Twenty-five attendees representing 15 coalition partners including the Ohio Academy of Family Physicians represented by OAFP Past President Sarah Sams, MD, attended the Ohio Step Therapy Advocacy Day held November 13 at the Statehouse.
The advocacy day included a press conference and distribution of information packets to 124 legislators urging a yes vote on Senate Bill (SB) 56 and House Bill (HB) 72, bills that would reform step therapy practice by insurers.
During the press conference, Dr. Sams provided specific examples about how her patients and their health care were negatively impacted by the step therapy practices utilized by health insurance plans.
- Ensure step therapy protocols are based on medical and scientific evidence
- Provide for a transparent exemptions process for health care providers and patients
- Align response timeline for appeals requests with the prior authorization law
- Establish circumstances for the prescribing health care provider to override step therapy when medically appropriate for a patient.
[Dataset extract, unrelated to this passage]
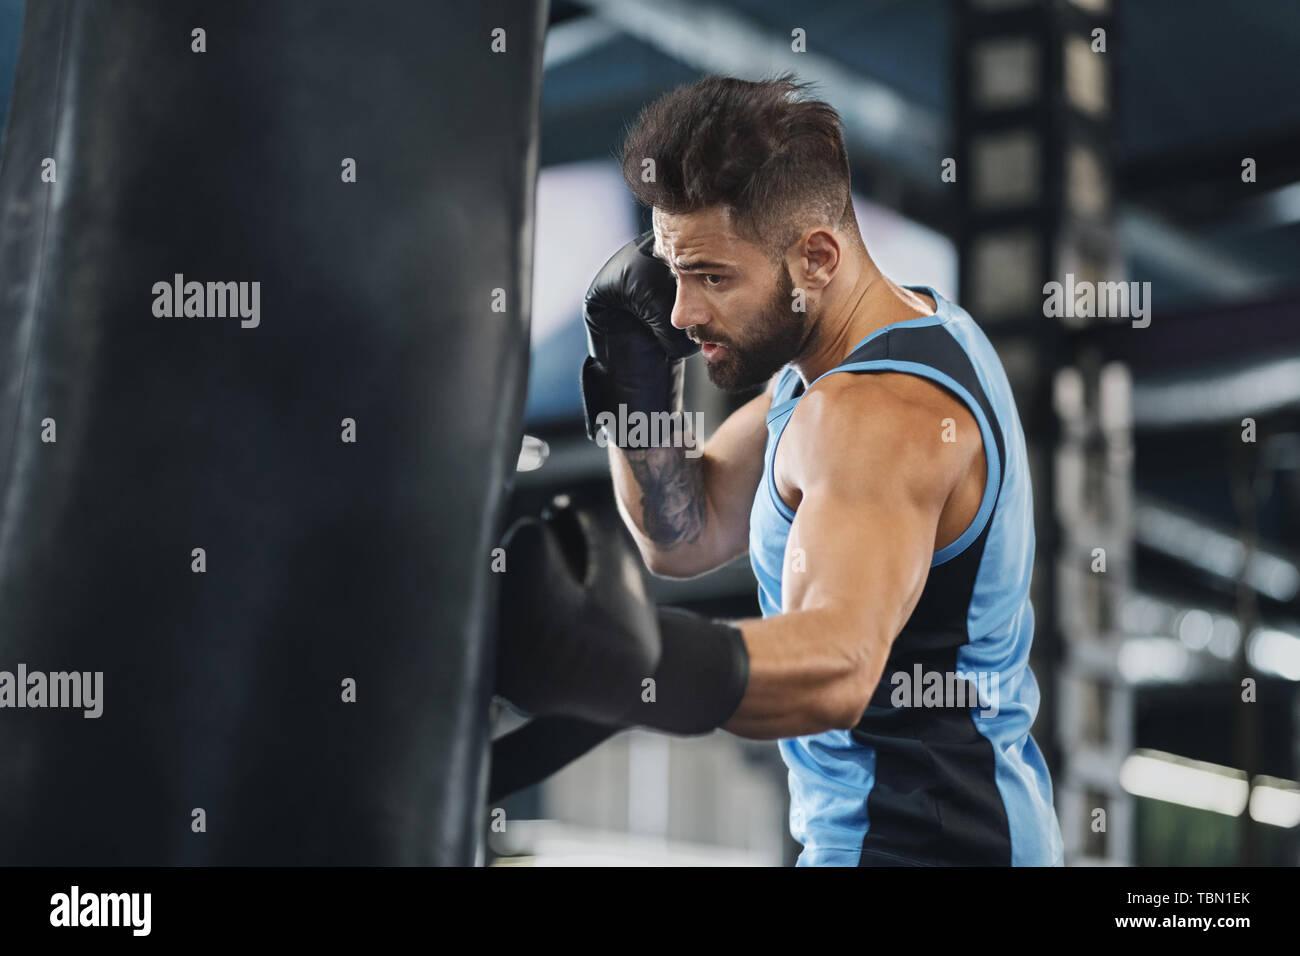 Active guy punching boxing bag at gym Stock Photo

HB 72 is currently in the House Health Committee, where a second substitute version was accepted back in late June. SB 72 is in the Senate Health, Human Services, and Medicaid Committee, where it, too, has had two substitute versions accepted.
The OAFP strongly supports step therapy reform legislation as a means for achieving administrative simplification in health care.
Health insurers, however, oppose the legislation. They note patients are grouped together in insurance pools, and the costs of the more expensive drugs will be passed on to everyone if the legislation passes. Prescriptions currently account for 23 cents of each dollar people pay on their premiums. Ohio Medicaid has cautioned the legislation could cost the state tens of millions of dollars a year.
According to bill sponsor Senator Peggy Lehner (R-Dayton, OH), 18 states have already passed similar “patient protection laws” on step therapy and none have reported major price hikes.